The antibody binds to sugars on the surface of HIV and effectively neutralizes
the virus because of its unique structure, which is described in the latest
issue of the journal Science.
"What we found was an unusual configuration of the antibody in which
its two Fab domains—the antigen recognition units—are 'interdigitating'
with each other," says TSRI Professor Ian Wilson, one of two TSRI professors
who led the research. "Nothing like this has ever been seen before."

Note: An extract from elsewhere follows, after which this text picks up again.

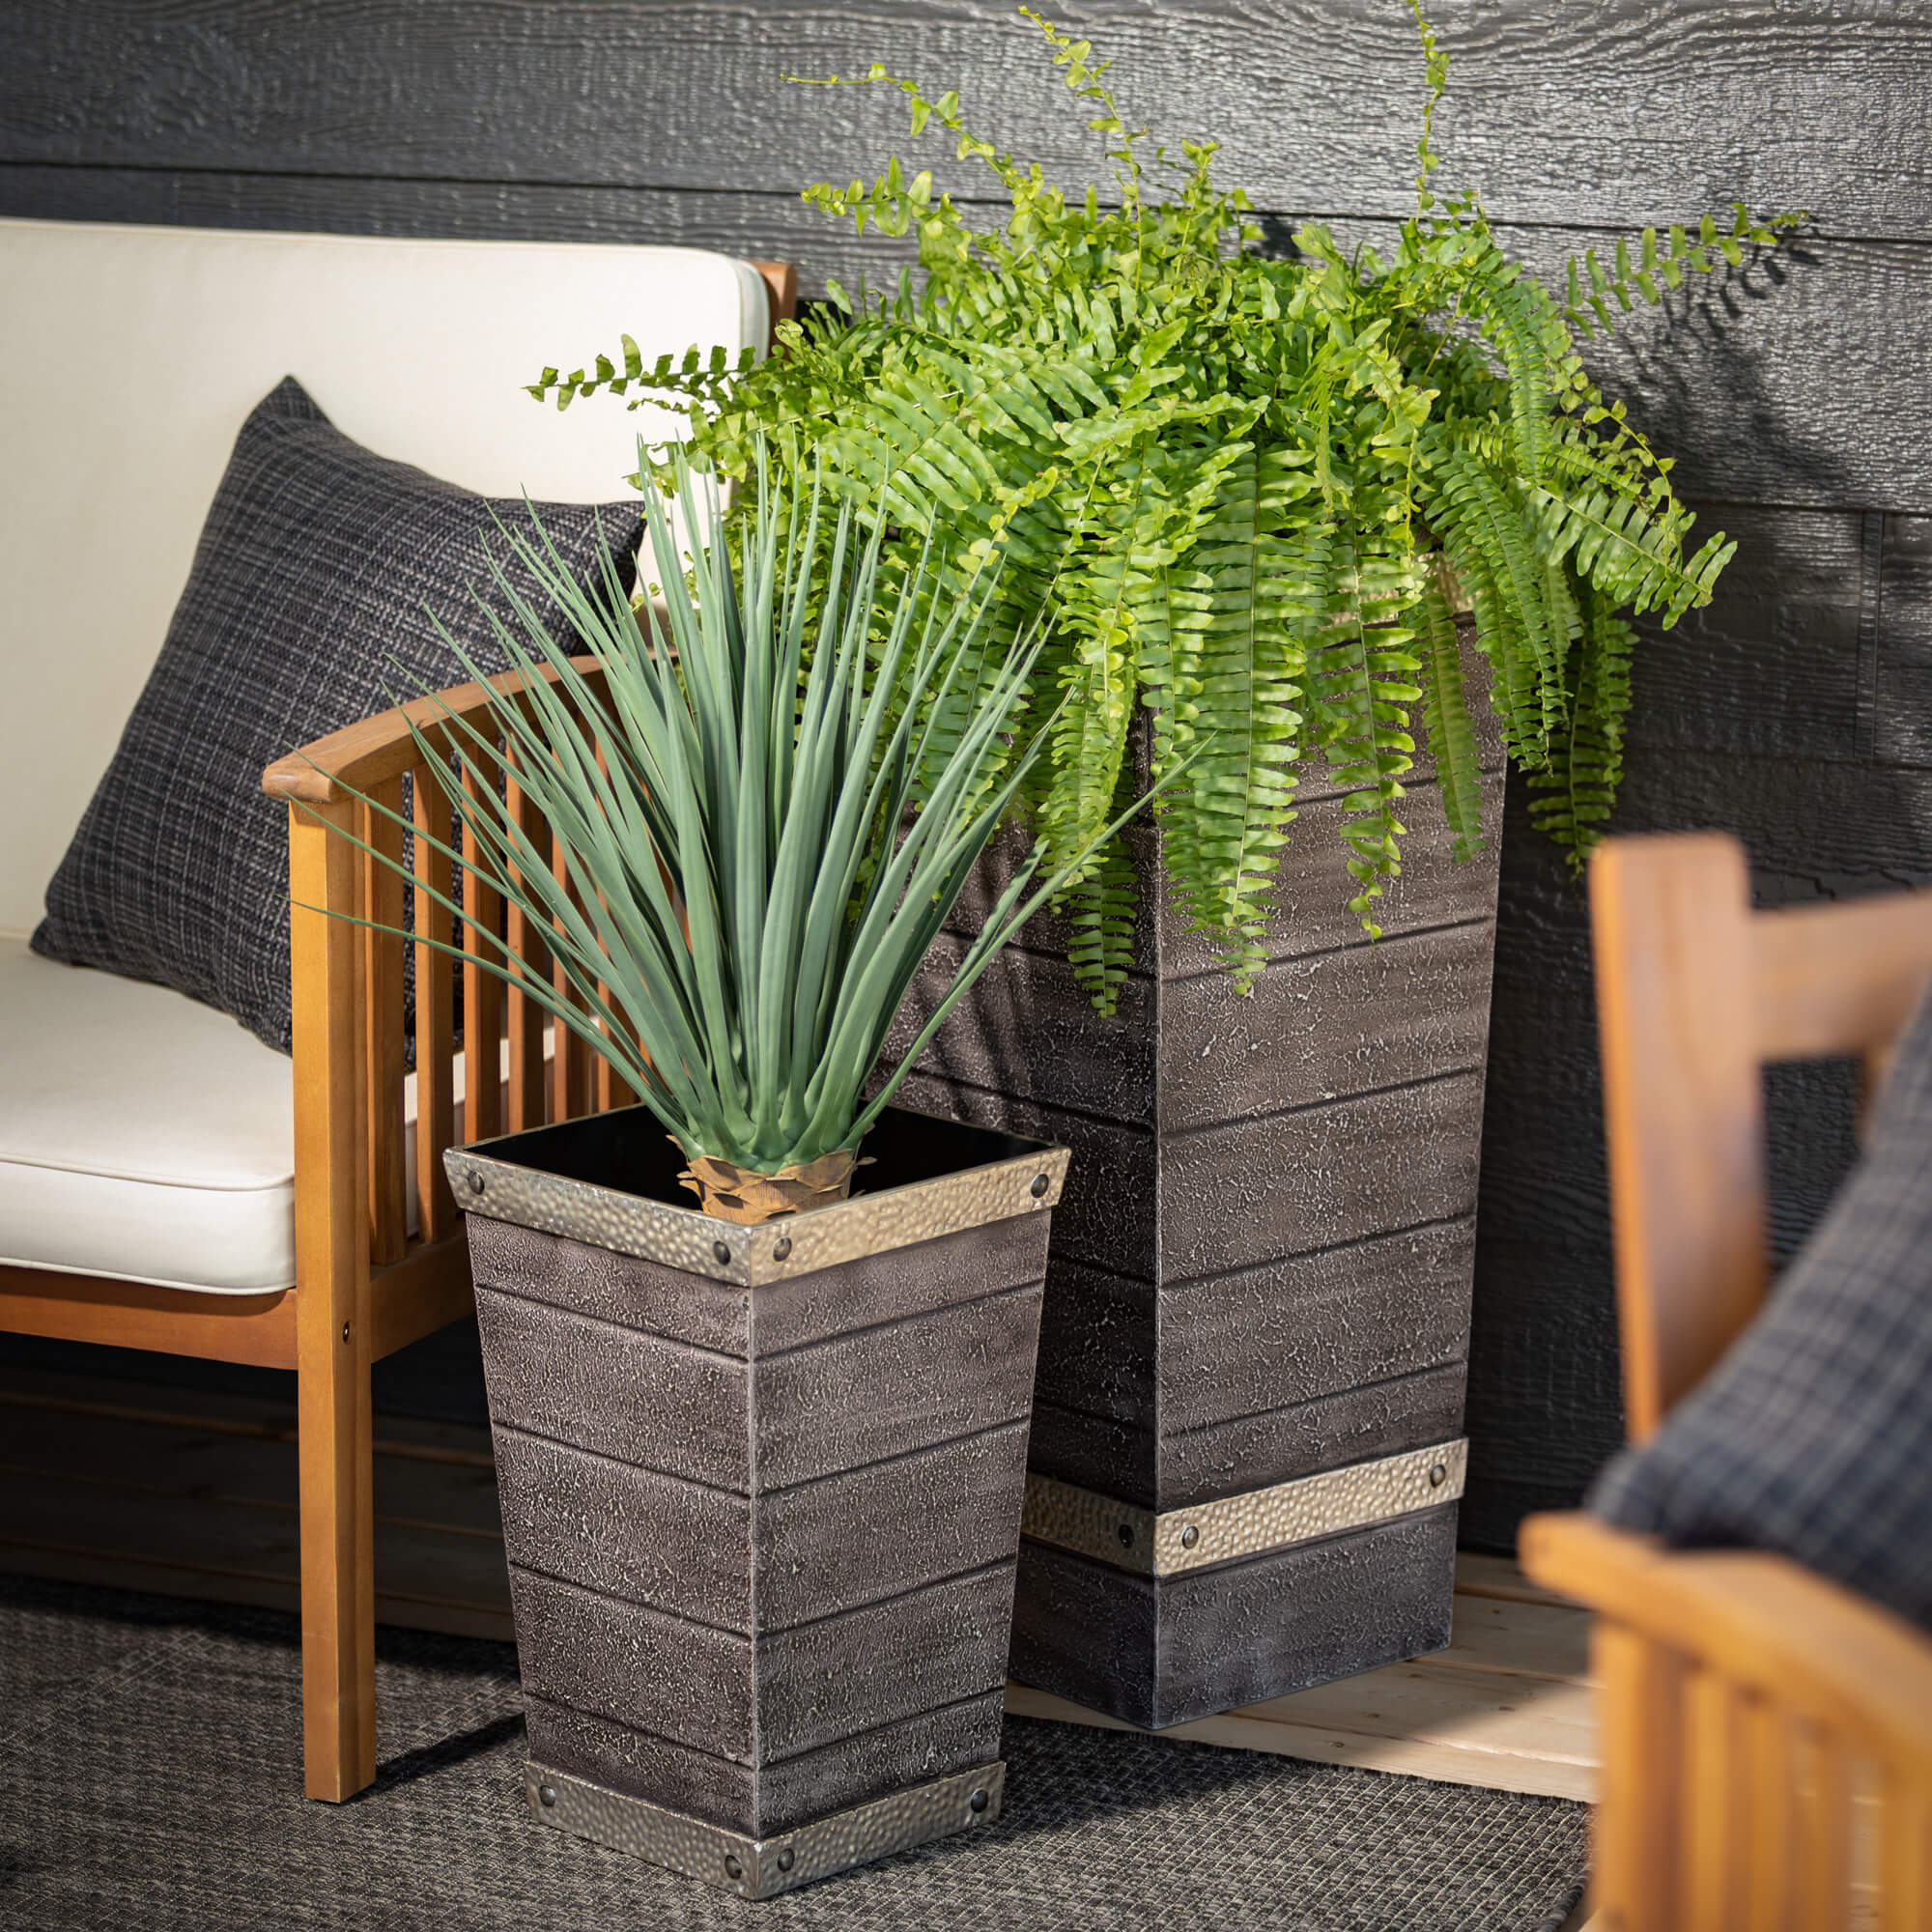 Trimmed Tapered Metal Planter Trio Elevate Home Decor - Outdoors
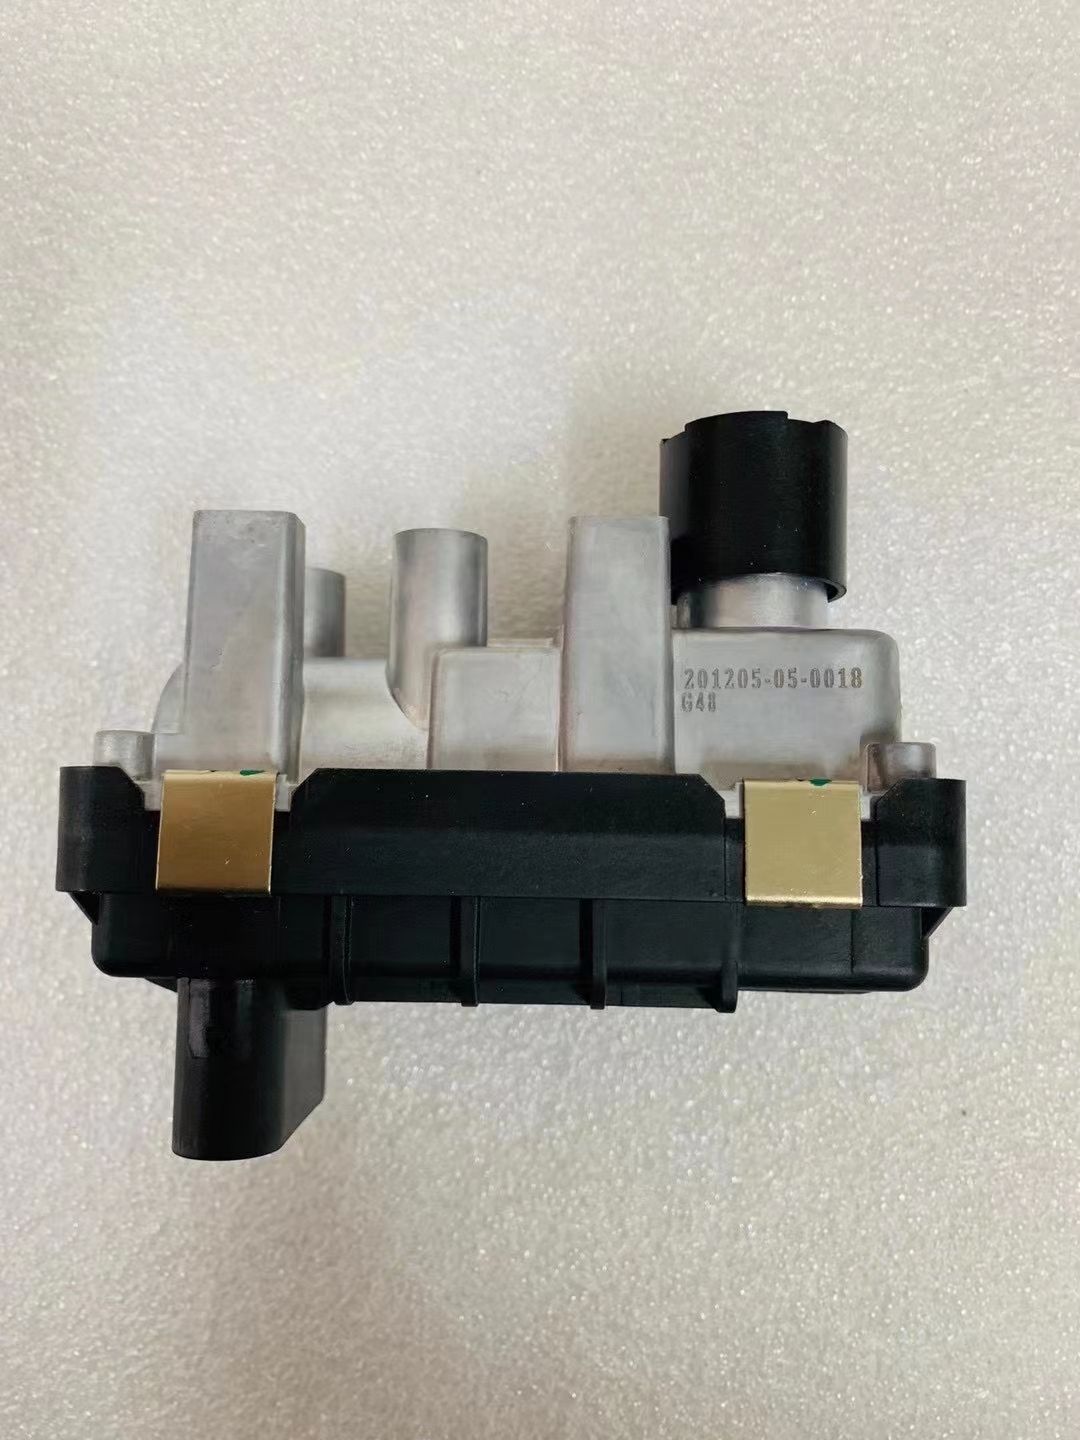 G-048 763797 6NW009543 6NW009206 Turbo Electronic Actuator 823024-4 752406 V348 Turboladdare

This new structure is an important step toward the goal of designing
an effective vaccine against HIV, and it gives the researchers a new way
to design antibodies in general.
"It may enable us to make antibodies that recognize whole new sets of
molecules," says TSRI Professor Dennis Burton, the other TSRI investigator
who led the research.
The Problem of HIV and Antibodies
HIV causes AIDS by binding to, entering, and ultimately killing T helper
cells, which are immune cells that are necessary to fight off infections
by common bacteria and other pathogens. As HIV depletes the body of T
helper cells, common pathogens can become potentially lethal.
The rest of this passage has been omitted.